Editorial

MURDER MOST FOUL A Mother’s Agony

It’s painful when one witnesses a murder and then refuses to help with investigations. It’s even more painful when the killers just murder two young people and walk away without

  • PublishedJanuary 10, 2014

It’s painful when one witnesses a murder and then refuses to help with investigations. It’s even more painful when the killers just murder two young people and walk away without a clue on the motive of their action and still remain at large. These are the issues Lydia Kanene and her family are still grappling with, two years after the death of her daughter. She shared her painful experience with MWAURA MUIGANA.

“Purity wasn’t one to sit at home idle. She was raving to go and exhibited confidence to try her hand at anything. She took up a job in an Mpesa kiosk. She promised me that she would save all the money she earned, so that her elder sister, who had been home for a year due to financial challenges, could enroll in college. Purity was selfless and very committed to her family,” Lydia talks of her daughter adoringly.

On the morning of Tuesday, August 9, 2011, Purity was too eager to open the Mpesa shop that she didn’t wait for her mother to accompany her to work, though they used similar routes. In her excitement she seemed to have forgotten to bid her mother goodbye and retraced her steps to the house. “Bye mum, enjoy your day. I will see you in the evening,” Purity belted melodiously and walked out with a wide grin on her face.

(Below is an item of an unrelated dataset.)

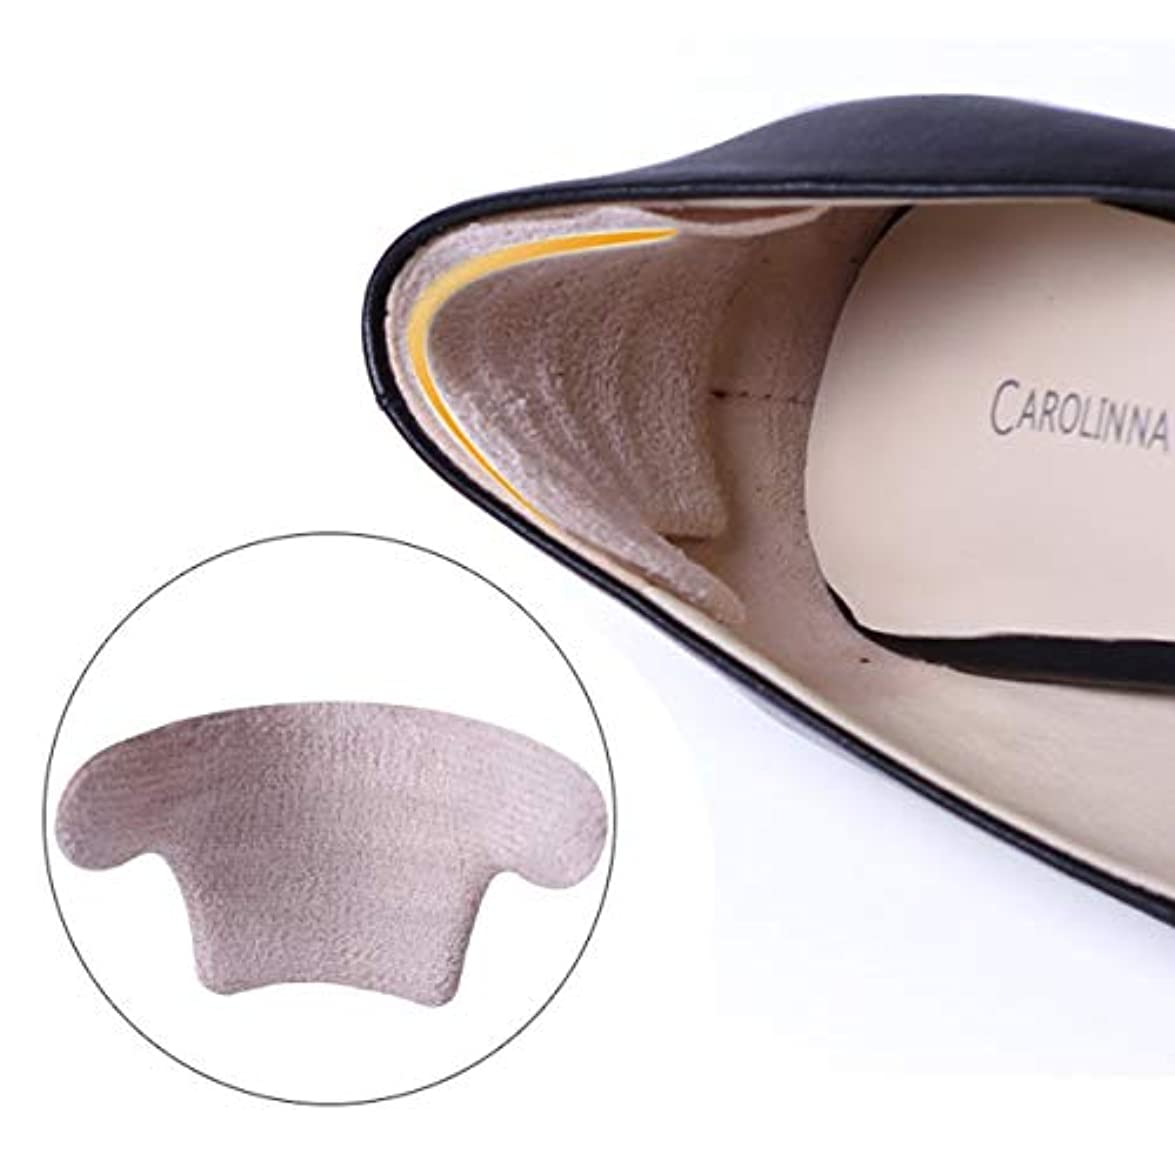 滴下真似る趣味GEL-006 Silicone Moisturizing Gel Heel Socks Cracked Foot Skin Care Protect Foot Chapped Care Tool Health Monitors...
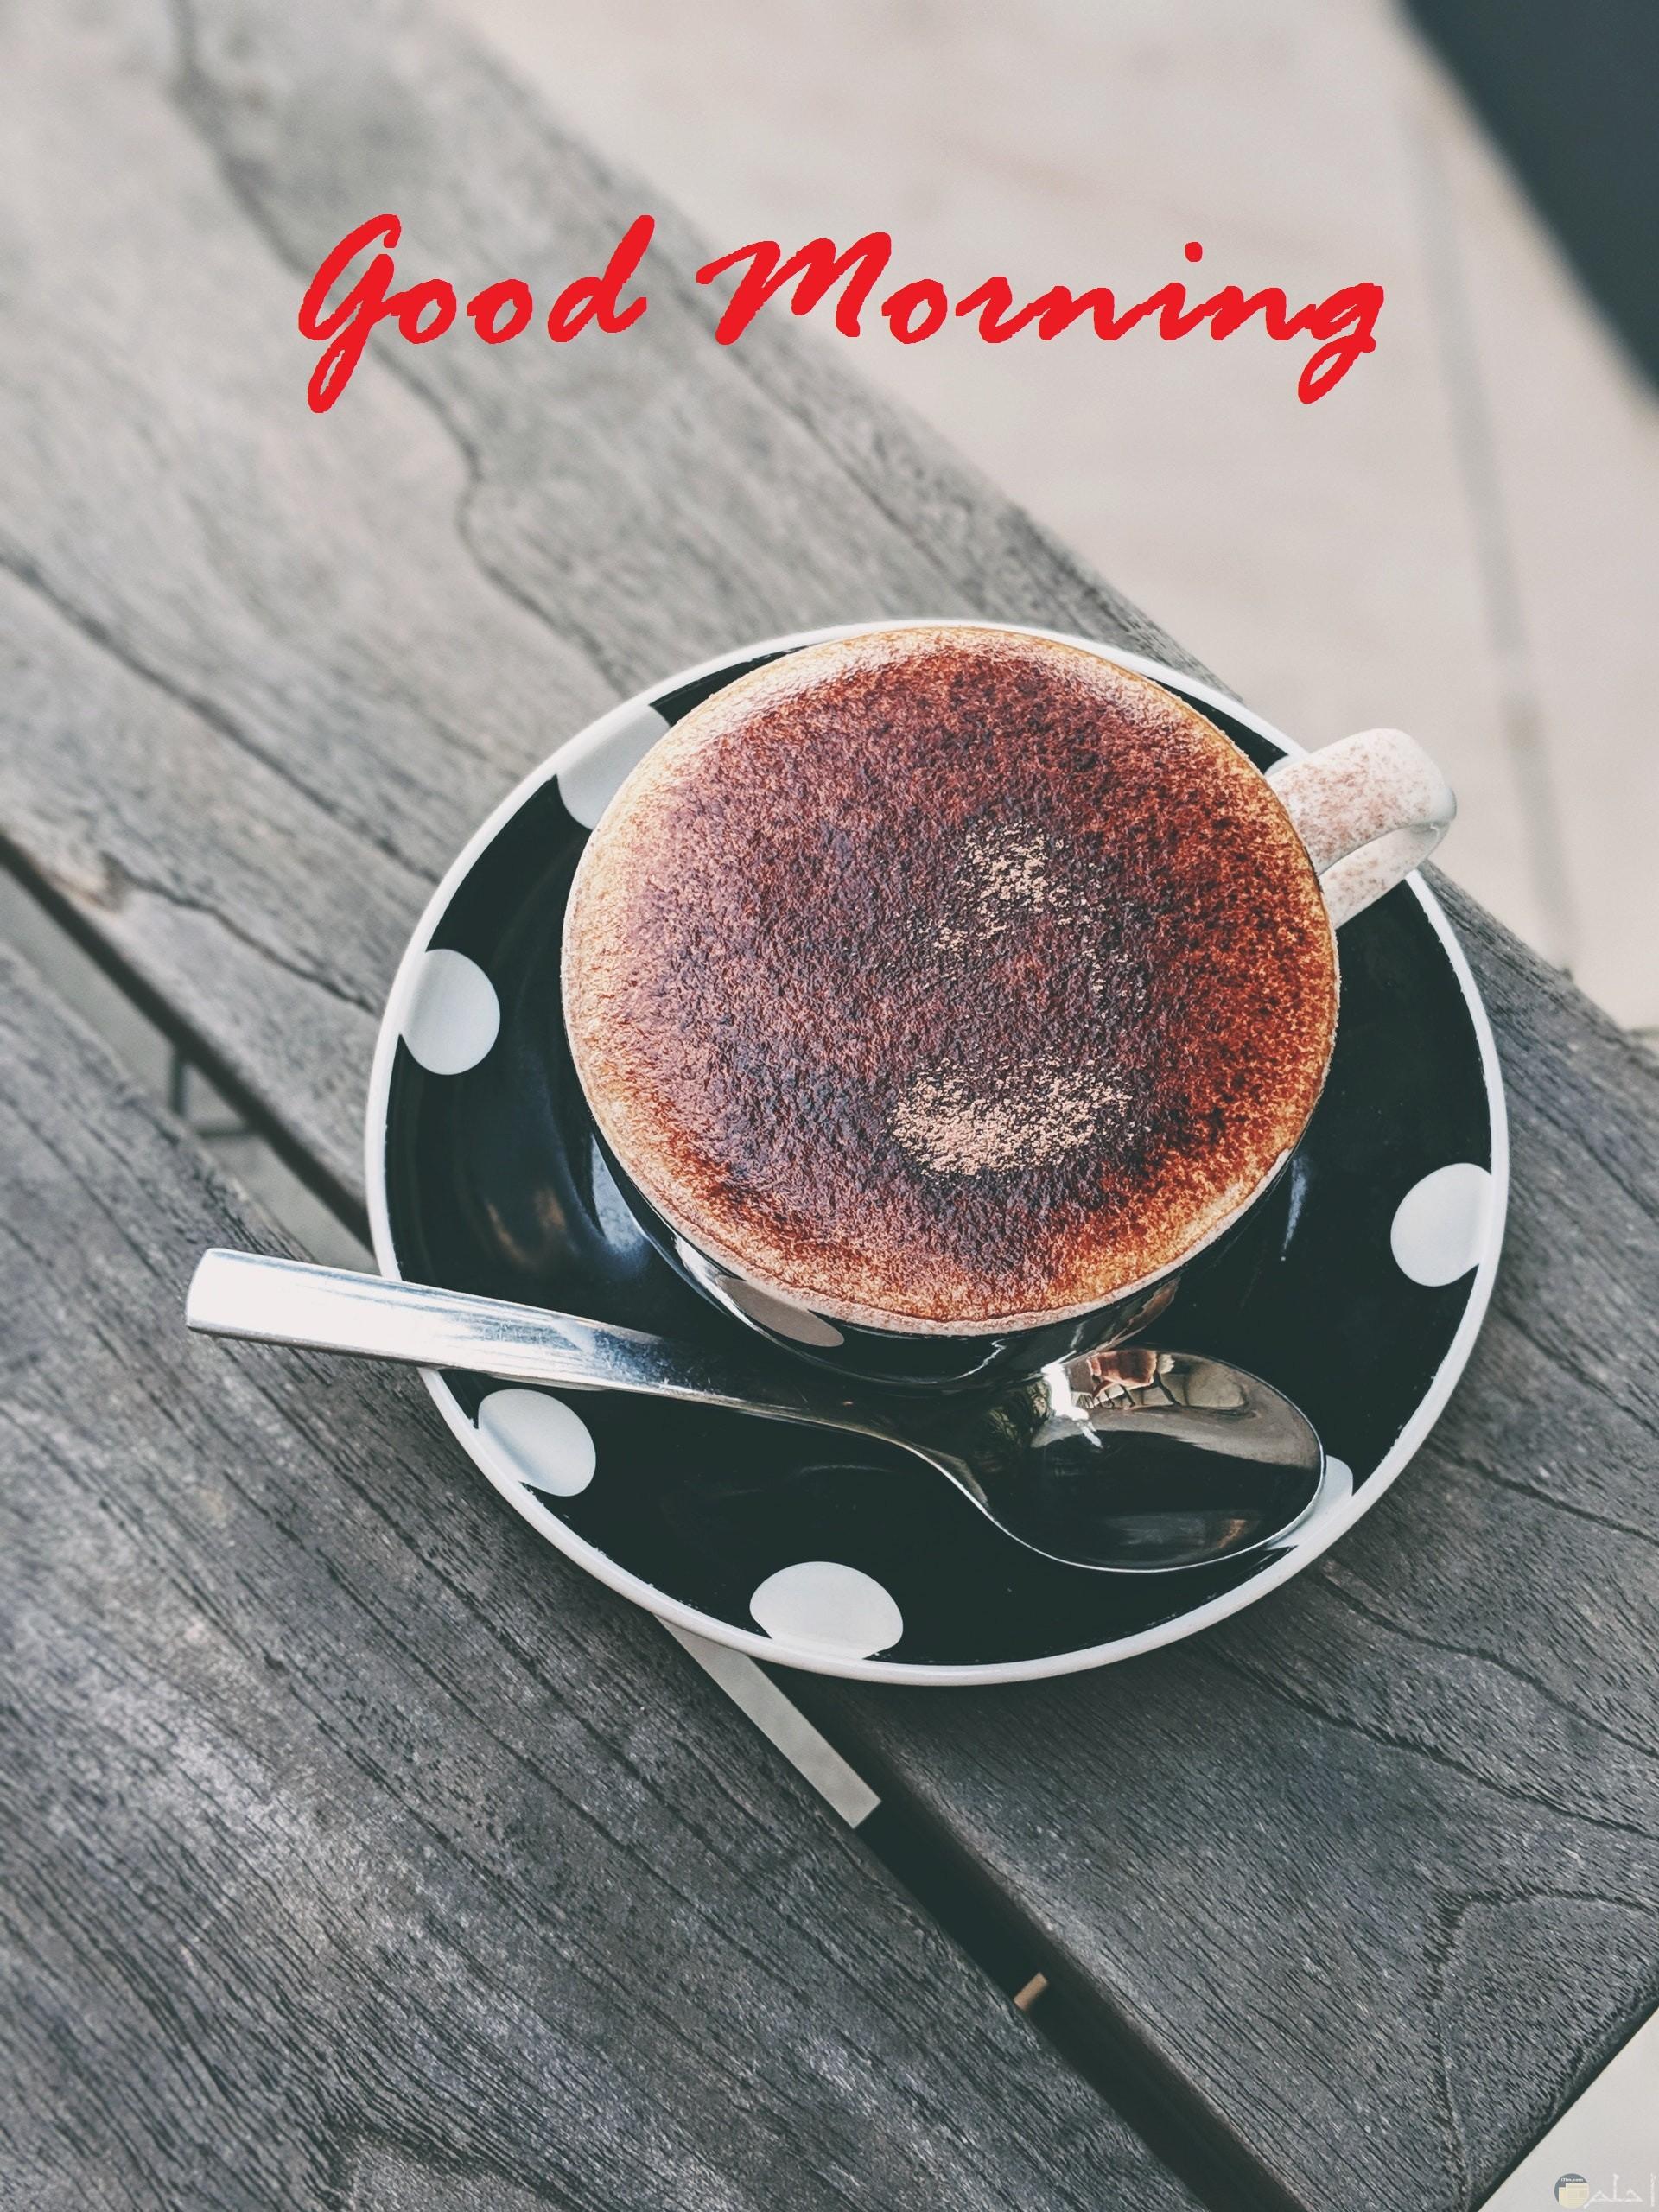 صورة تحية الصباح جميلة بالإنكليزي معها فنجان من القهوة

Her energy, despite her petite body always mesmerised her mother. For some reason, Lydia didn’t call her daughter that day as was common and neither did Purity call her mother. The only communication traced on Purity’s phone that day was a lunch date with a former colleague scheduled for the following day.

On the fateful day at around 5.30 p.m. Purity’s boyfriend who worked at a hardware shop in Kitengela, a few metres away from the Mpesa kiosk purity worked in, went to pick her. The two had been friends for a long time and he was a frequent visitor to her home, having been introduced to Purity’s mother and siblings. He was to escort her home then proceed to his parent’s Isinya home. The duo walked for about 500 metres before two young men approached them. They seemed to have a conversation for about two minutes before what appeared to be a little commotion ensued.

What followed next was the sound of gunfire, which rent the air as one of the young men shot in the air probably to scare Purity and her boyfriend into some sort of submission. Purity is said to have panicked and probably to protect her boyfriend who could have been the target, made herself a human shield. She held her boyfriend and they stood face-to-face like Siamese twins. The assailant was determined and shot her through the back. The bullet tore through her body and ripped through her boyfriend and lodged in his body. The duo fell down unconscious bleeding profusely as the assailants fled.